Max coverage disjoint intervals

2
votes

Assume you have k<=10^5 intervals [a_i, b_i] \in [1,10^18] (some of them may overlap), and you need to choose a set of intervals mutually disjoint such that their union is maximal. Not maximum number of disjoint intervals, but the union must cover the most.

Can't try all possible subsets 2^k infeasible. Greedy approaches ordering by a_i ( interval covering algorithm) and ordering by b_i ( maximum number of disjoint intervals algorithm ) didn't work Can't figure out if there is a dynamic program solution. Given the size of the input, I think the solution should be O(k log k) or O(k)

Examples 1. [1,4], [3,5], [5,9], [7, 18] Sol [3,5]u[7,18]

  1. [1,2], [2,6], [3,4], [5,7] Sol [1,2]u[3,4]u[5,7]

  2. [2,30], [25,39], [30,40] Sol [2,30]

2
algorithmintervalsgreedycover
What are the number of intervals, the values of a_i, b_i at most? - Ivan Gritsenko
Please also tell what have you tried so far? - Ivan Gritsenko
Hint: you can sort them by the left border and compute dp[i] = max union that ends with in i-th segment. It can be done in O(k log k) time if you keep track of events properly (or with a data structure like a segment tree). - kraskevich

2 Answers

2
votes

The problem can be solved in O(k log(k)).

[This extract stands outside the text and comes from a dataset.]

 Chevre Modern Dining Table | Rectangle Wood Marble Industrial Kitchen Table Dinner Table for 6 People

First sort the intervals by their upper bounds (the b_is). Let I(1), I(2), ..., I(k) be the list of sorted intervals. That is,

b_1 <= b_2 <= ... <= b_k

Denote by w(i) the length of interval I(i). That is,

w(i) = b_i - a_i

Denote by f(i) the total length of the optimal solution among those whose last interval is I(i). That is, the solution corresponding to f(i) is a set which:

  1. contains the interval I(i)
  2. doesn't contain any interval whose upper bound is above b_i
  3. has the maximum cover among the sets of (non-overlapping) intervals satisfying 1+2

Now we are going to compute f(1), f(2), ..., f(k) and return the maximum value of them all. Clearly, the optimal solution corresponds to one of the f(i)s and therefore the maximal f(i) is the optimal solution.

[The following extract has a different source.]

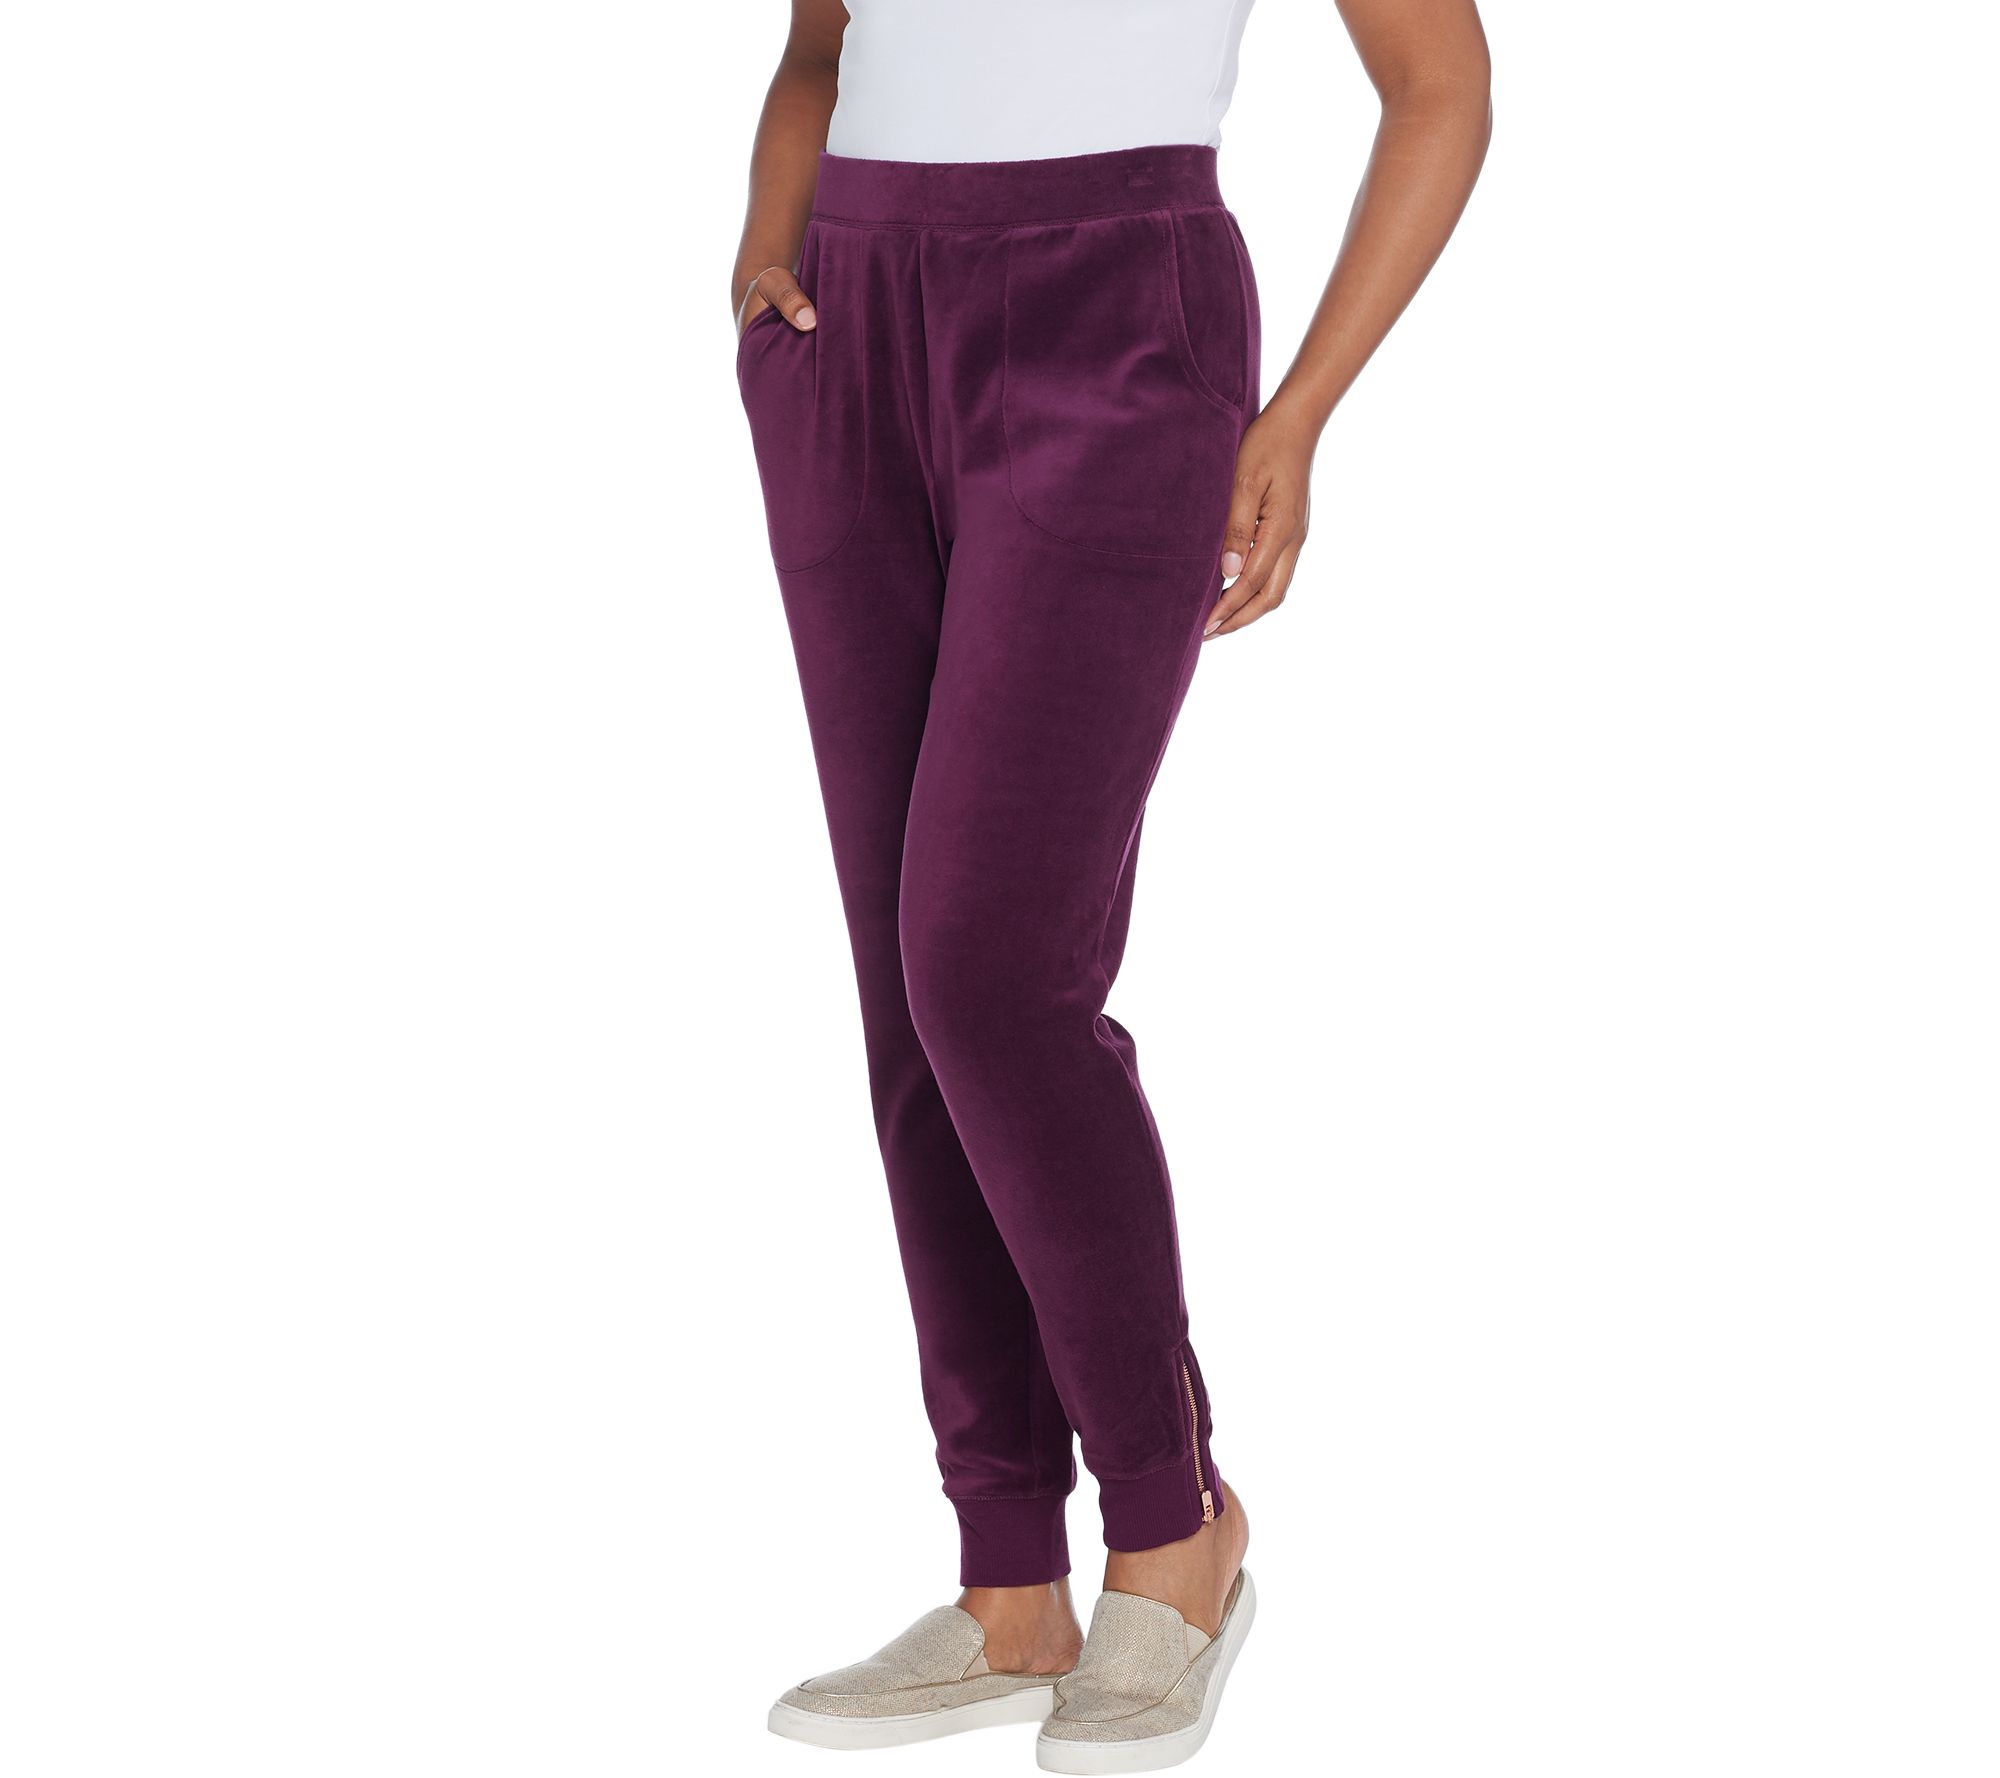 Denim & Co. Velour Joggers with Zippers at Cuffs - QVC.com

To compute each f(i) we use dynamic programming. We do this by relying on the following recurrence relation:

f(i) = w(i) + max{f(j) | b_j < a_i}

I'll demonstrate the computation with your first input example:

I(1)=[1, 4],  w(1)=3
I(2)=[3, 5],  w(2)=2
I(3)=[5, 9],  w(3)=4
I(4)=[7, 18], w(4)=11

We compute f(i) for i=1, 2, 3, 4:

f(1) = w(1) + max{None} = 3 
    f(1) intervals: {I(1)}

f(2) = w(2) + max{None} = 2 
    f(2) intervals: {I(2)}

f(3) = w(3) + max{f(1)} = 4 + 1 = 5 
    f(3) intervals = {I(1), I(3)}

f(4) = w(4) + max{f(1), f(2)} = 11 + f(1) = 11 + 3 = 14 
    f(4) intervals = {I(1), I(4)}

The maximum f(i) is f(4) which corresponds to the set of intervals {I(1), I(4)}, the optimal solution.

0
votes

There seems to be a O(k * log(k)) solution. It can be achieved with segment tree data structure.

We may at first populate some endPos array of segment endings, sort it. Memorise for each of the segments corresponding endPos index. For this let endPosIdx be such array that endPosIdxj will store an index in endPos where the j-th segment ends.

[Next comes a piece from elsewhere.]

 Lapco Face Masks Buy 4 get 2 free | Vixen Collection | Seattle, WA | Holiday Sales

Next we will introduce a segment tree. It will process the following requests:
1. getMax(i) - get maximum value on the range [0, i].
2. update(i, value) - update maximum at i-th position with value.
i is and index in endPos array. Calling getMax(i) we ask for what maximum cover can we achieve if non of the segments ends after endPosi. Calling update(i, value) we say that now there exists a cover with length value ending at endPosi.

Sort all segments in increasing order by their starting position aj. Process them in that order. The gist is to find the largest cover if we will certainly take current segment in resulting set. Current cover will equal to the sum of the length of current segment and max cover of the segments ending before current. Let j be the index of current segment (they are sorted by start pos). Let i then be such max index that endPosi ≤ aj (i may be found from j by binary search). Then we can find

coverj = lengthj + getMax(i)

Next we should update segment tree calling update(endPosIdxj, coverj) and proceed to the next segment.

After processing of all the segments the solution can be found by calling getMax(size(endPos)).